Please repeat the whole listing exactly, but leave the pictures out.

** Opening Supplied material block **

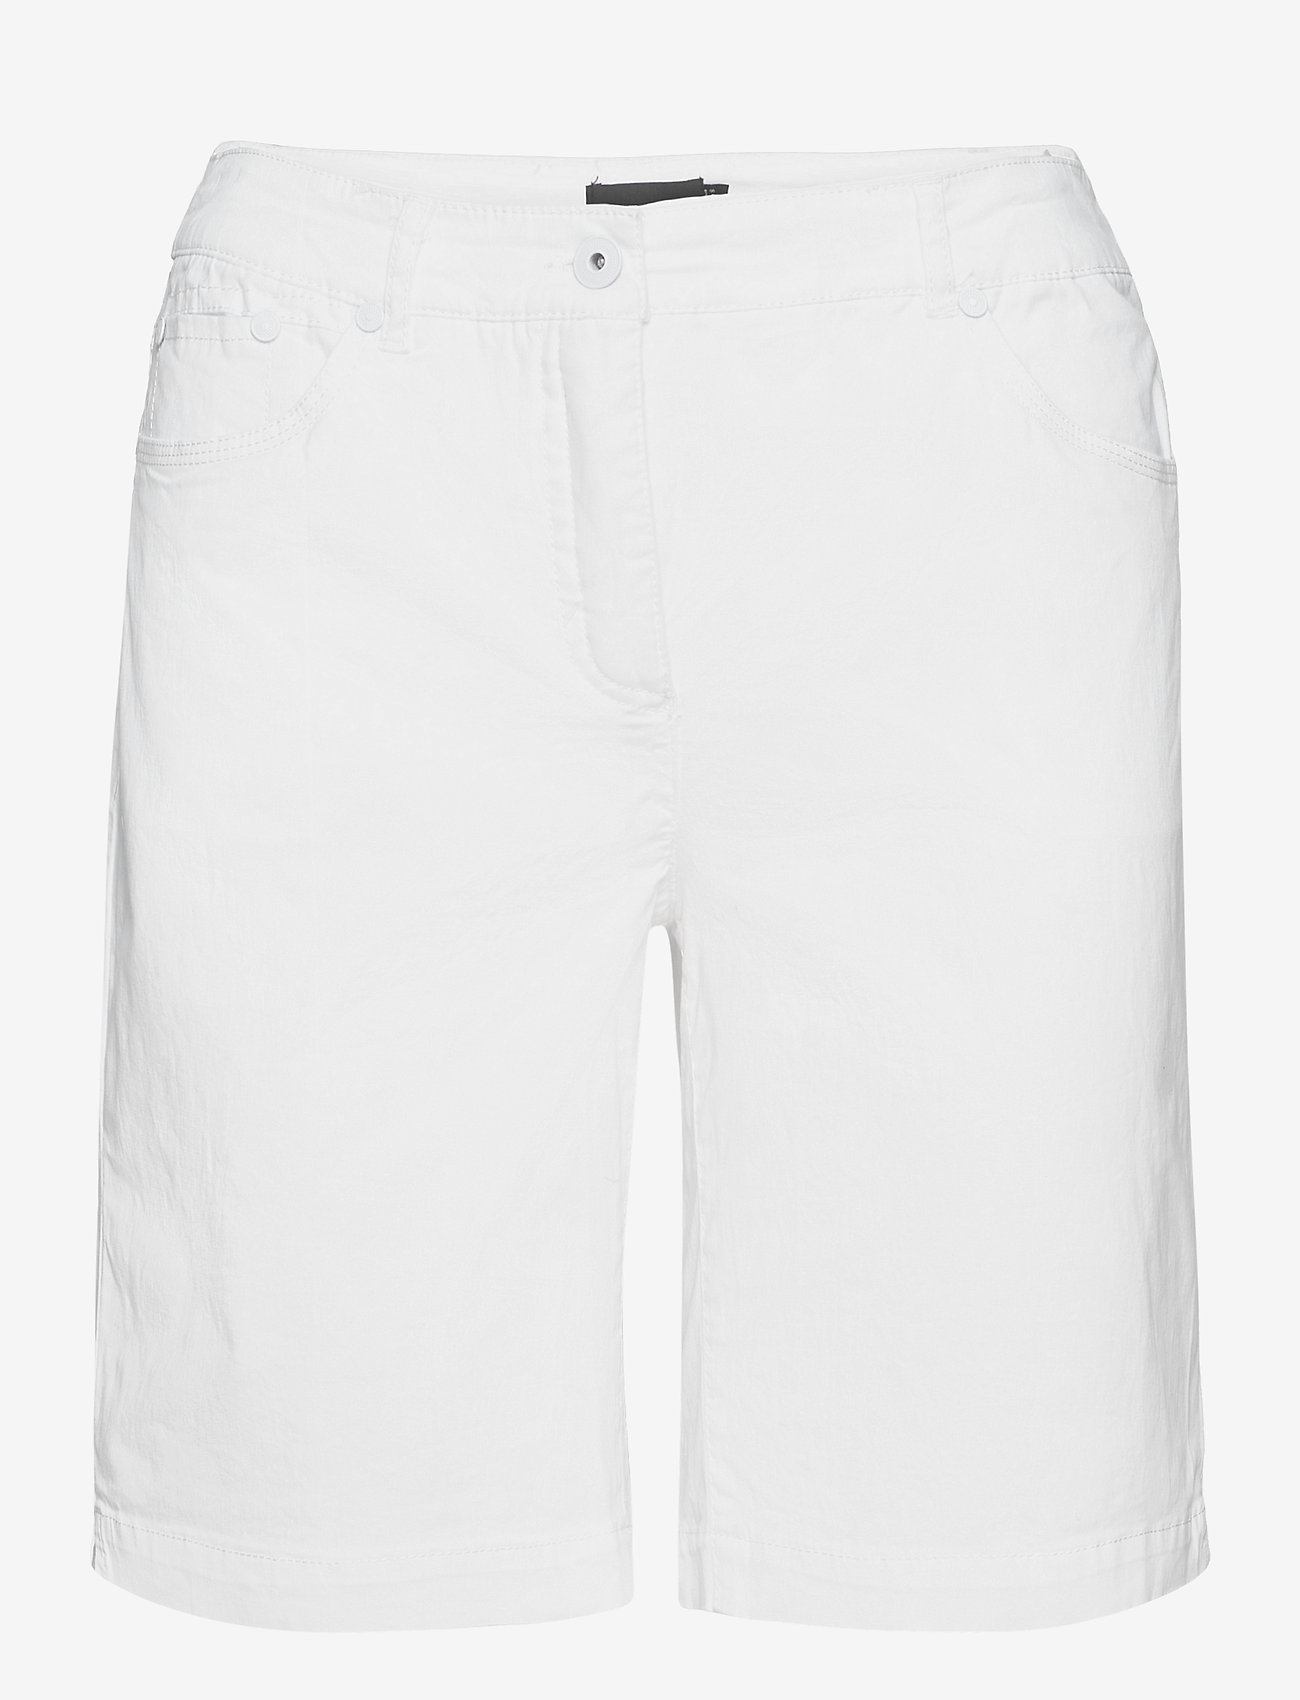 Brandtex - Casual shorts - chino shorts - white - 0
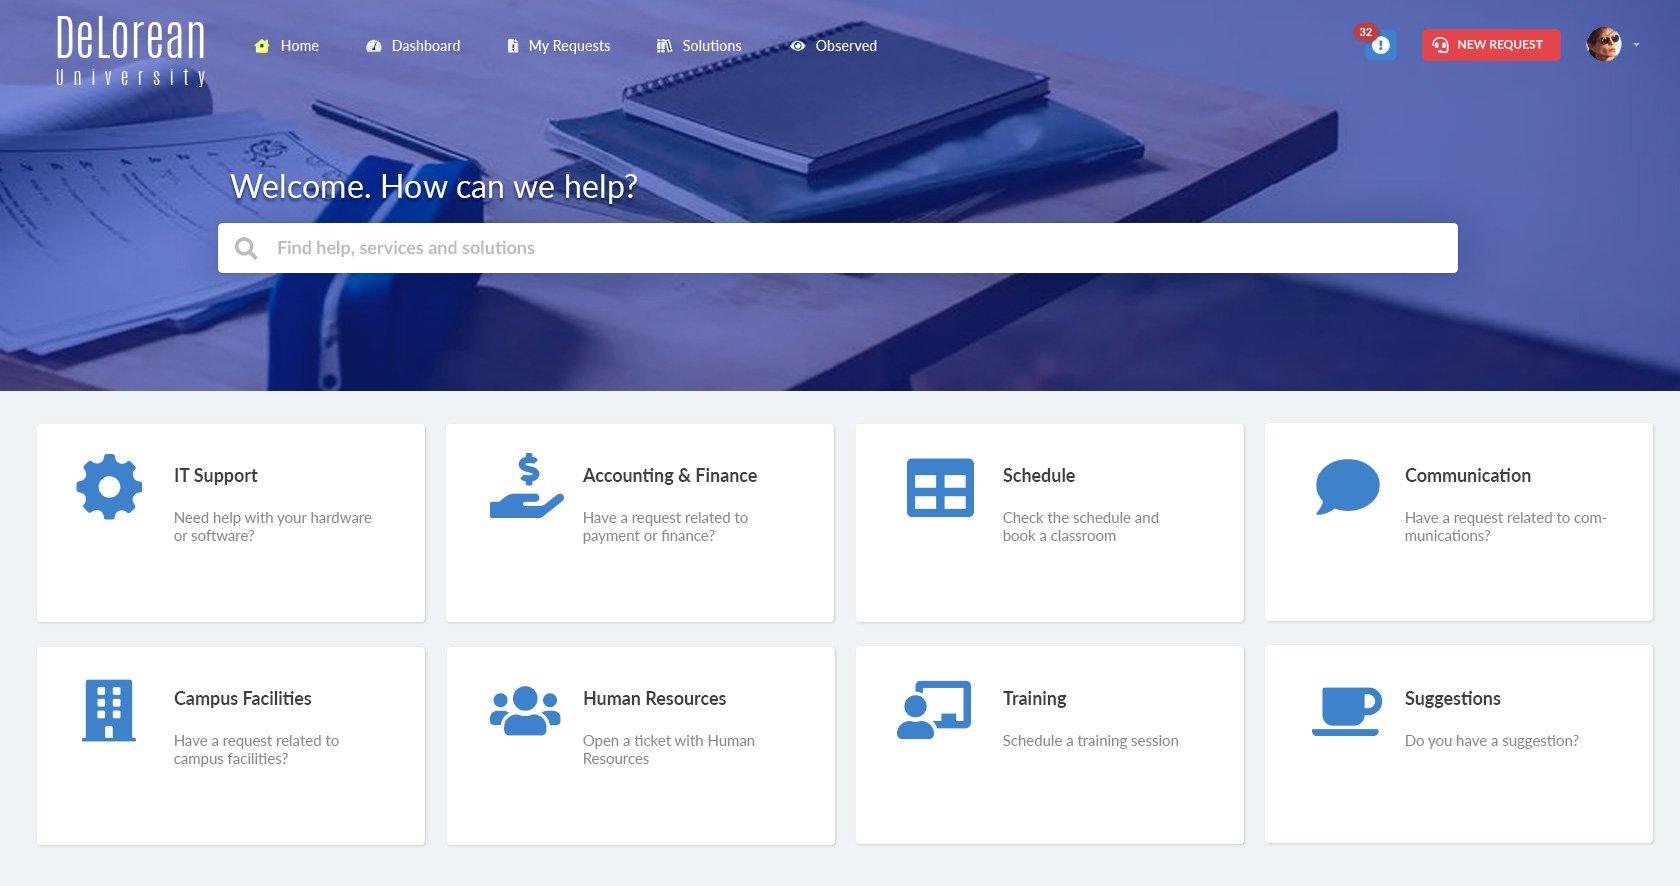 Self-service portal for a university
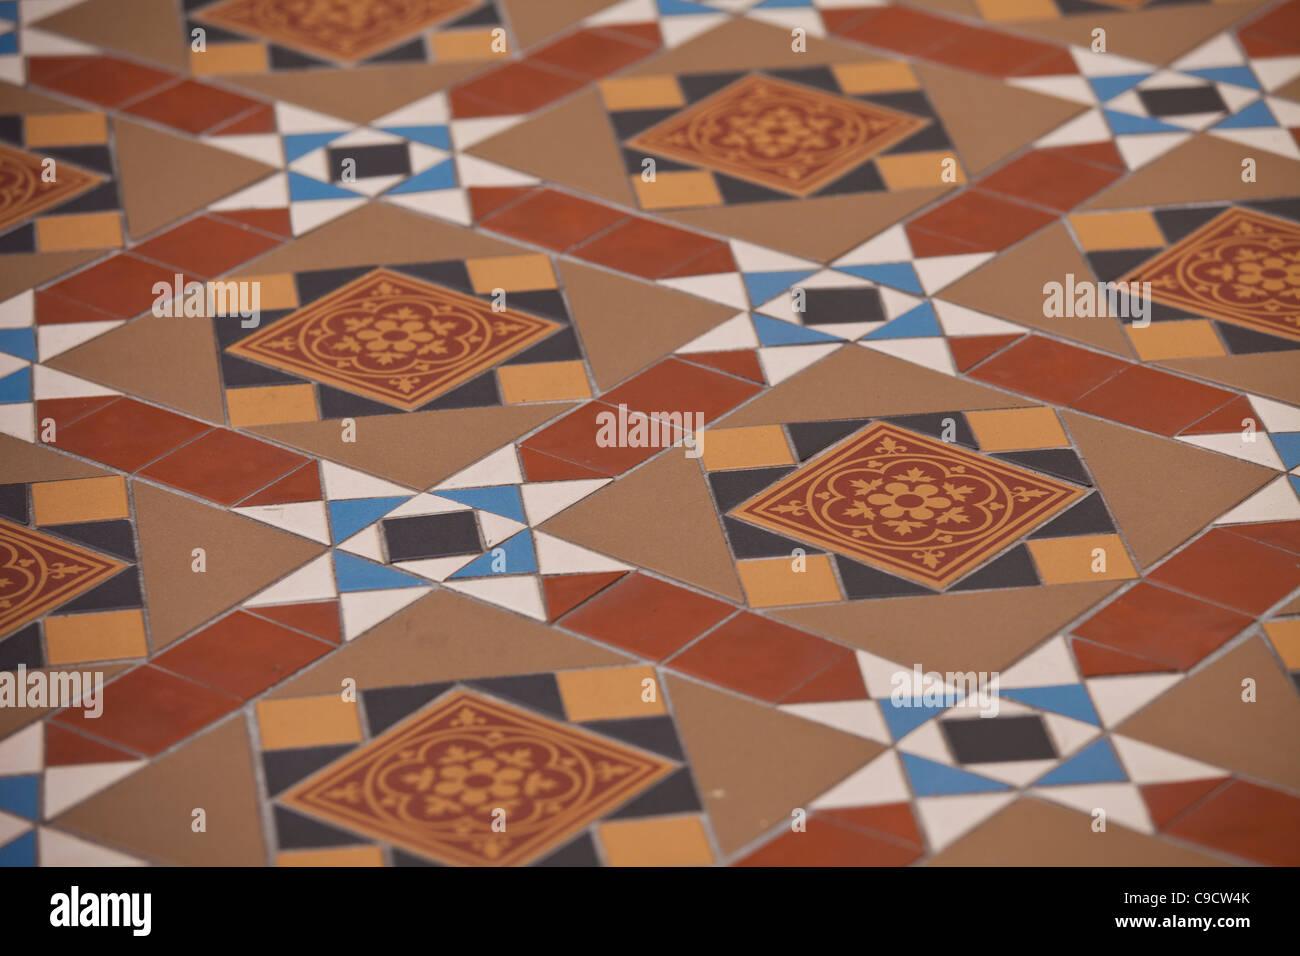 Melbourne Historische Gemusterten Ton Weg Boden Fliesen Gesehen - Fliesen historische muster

** Closing Supplied material block **

Task output:
 Brandtex - Casual shorts - chino shorts - white - 0
 Self-service portal for a university
 Melbourne Historische Gemusterten Ton Weg Boden Fliesen Gesehen - Fliesen historische muster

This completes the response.